--- title: "Extended Self-Replication" tags: [artificial-life, complex-systems, neural-networks, self-organization, dynamical-systems] excerpt: "Journal extension: self-replication, noise robustness, emergence, dynamical system analysis." teaser: "/figures/15_sr_journal_teaser.jpg" --- # Extended Self-Replication
Visualization showing the evolution or diversity of 'child' networks generated through self-replication
Analyzing the lineage and diversity in populations of self-replicating networks.
This journal article provides an extended and more in-depth exploration of self-replicating neural networks, building upon earlier foundational work ([Gabor et al., 2019](link-to-previous-paper-if-available)). The research further investigates the use of **backpropagation-like mechanisms** not for typical supervised learning, but as an effective means to enable **non-trivial self-replication** – where networks learn to reproduce their own connection weights.
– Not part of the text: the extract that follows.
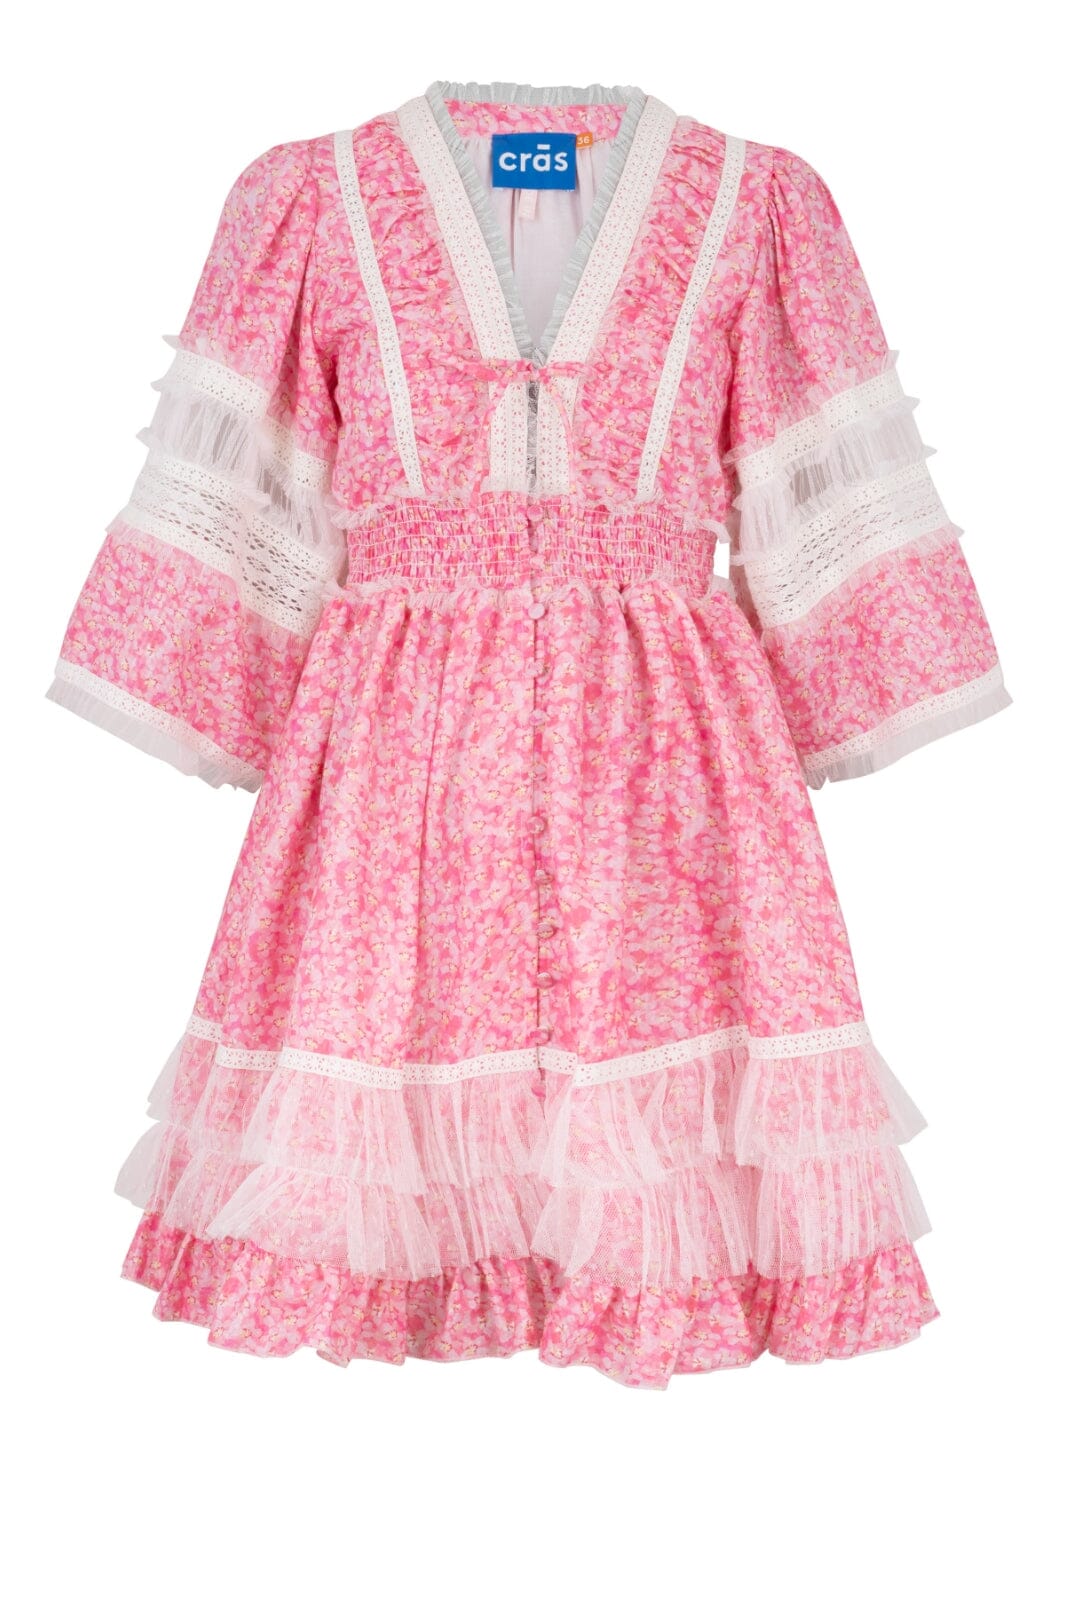 Cras - Edencras Dress - 8010 Seer Pink Kjoler 
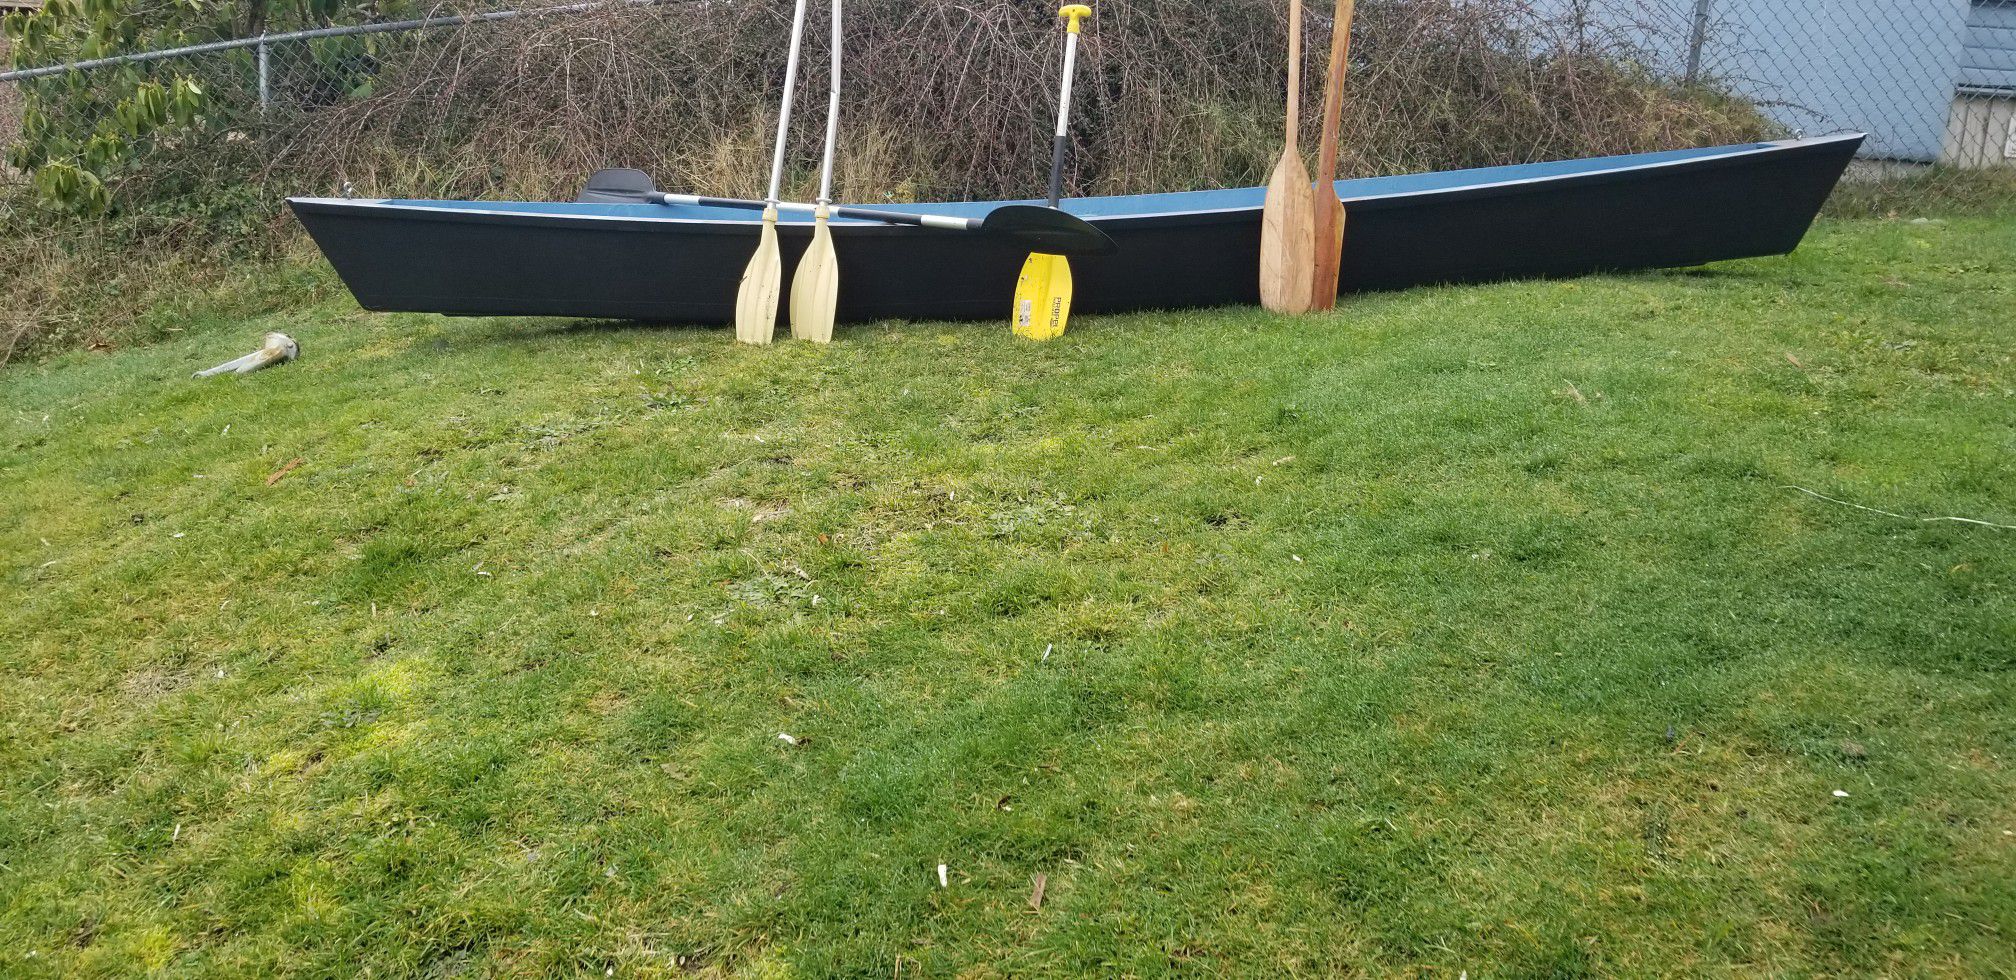 16" flat bottom canoe

Key extensions and analyses presented in this work include: * **Robustness Analysis:** A systematic evaluation of the self-replicating networks' resilience and stability when subjected to various levels of **noise** during the replication process. * **Artificial Chemistry Environments:** Further development and analysis of simulated environments where populations of self-replicating networks interact, leading to observable **emergent collective behaviors** and ecosystem dynamics. * **Dynamical Systems Perspective:** A detailed theoretical analysis of the self-replication process viewed as a dynamical system. This includes identifying **fixpoint weight configurations** (networks that perfectly replicate themselves) and characterizing their **attractor basins** (the regions in weight space from which networks converge towards a specific fixpoint).
Graph showing the impact of different noise levels on self-replication fidelity or population dynamics
Investigating the influence of noise on the self-replication process.
By delving deeper into the mechanisms, robustness, emergent properties, and underlying dynamics, this study significantly enhances the understanding of how self-replication can be achieved and analyzed within neural network models, contributing valuable insights to the fields of artificial life and complex systems.